N. Joseph Potts January 29, 2009 at 2:00 pm

IS there ANY medium that most Americans read (hear, see)? It SOUNDS like there is, and that Cato should have used IT, whatever its cost and whomever it reaches.

But there isn’t. Very much a wasted remark, accompanied by some others like it.

Austin Wilkes January 29, 2009 at 3:09 pm

I am sicked by your attack on Cato. It seems like you rather them preach to the choir over and over rather than publicly expose the lies the President is using to increase the size of government. Hell, if you are going to speak badly of people inside the beltway, at least aim the attack on the neoconservatives and liberals.

Artisan January 30, 2009 at 1:53 am

I wonder about the “bank run” .

Is the population really not aware of the fact that bank runs will precisely crush their banking system faster..? Or is that the real reason why there hasn’t been a run yet?

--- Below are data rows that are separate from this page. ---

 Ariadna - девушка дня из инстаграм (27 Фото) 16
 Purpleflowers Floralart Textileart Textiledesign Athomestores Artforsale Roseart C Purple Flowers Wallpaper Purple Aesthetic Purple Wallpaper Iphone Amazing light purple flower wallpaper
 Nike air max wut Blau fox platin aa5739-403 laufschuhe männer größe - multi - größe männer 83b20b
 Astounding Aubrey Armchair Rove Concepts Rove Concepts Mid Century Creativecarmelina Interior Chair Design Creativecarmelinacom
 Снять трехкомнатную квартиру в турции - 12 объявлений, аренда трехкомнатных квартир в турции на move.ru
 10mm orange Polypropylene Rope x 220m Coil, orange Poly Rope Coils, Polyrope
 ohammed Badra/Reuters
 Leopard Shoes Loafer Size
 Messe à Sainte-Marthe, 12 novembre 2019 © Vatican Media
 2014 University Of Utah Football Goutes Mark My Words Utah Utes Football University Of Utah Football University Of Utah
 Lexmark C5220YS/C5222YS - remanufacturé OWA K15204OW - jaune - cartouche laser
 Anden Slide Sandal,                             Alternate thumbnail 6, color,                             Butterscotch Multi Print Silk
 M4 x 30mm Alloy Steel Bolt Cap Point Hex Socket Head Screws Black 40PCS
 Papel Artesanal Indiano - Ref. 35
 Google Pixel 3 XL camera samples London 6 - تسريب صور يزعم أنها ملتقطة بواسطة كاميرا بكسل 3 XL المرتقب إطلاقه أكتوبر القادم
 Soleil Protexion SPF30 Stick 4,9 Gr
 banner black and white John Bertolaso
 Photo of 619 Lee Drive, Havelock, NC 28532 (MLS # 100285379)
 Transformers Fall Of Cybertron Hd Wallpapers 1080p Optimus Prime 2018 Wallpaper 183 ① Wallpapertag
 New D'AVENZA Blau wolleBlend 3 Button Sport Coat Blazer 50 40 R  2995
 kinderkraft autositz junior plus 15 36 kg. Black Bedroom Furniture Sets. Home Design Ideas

Wouldn’t runners be left with nothing under the mattress anyways when devaluation comes and “The New Currency” is finally established anyways… not talking about gold confiscation.

DavidShockey January 30, 2009 at 7:07 am

In the banner of this page, above this blog post, is a motto. It says, “Do not give in to evil, but proceed ever more boldly against it.”

Isn’t it ironic that right under that banner is this post criticizing fellow soldiers for fighting the good fight.

TimG January 30, 2009 at 11:37 am

I have to say that this ad that was put out by the Cato Institute has received mentions in national mainstream media outlets, as well as my local news sources.

Every bit of attention we can get will help.

Felix January 30, 2009 at 11:44 am

I know this is merely anecdotal evidence, but my parents saw the ad and sent me an e-mail noting that they were surprised. Like a lot of Americans (and they are Republicans), they assumed all economists supported the stimulus.

And it also seems to me that Obama himself has toned down his rhetoric in response.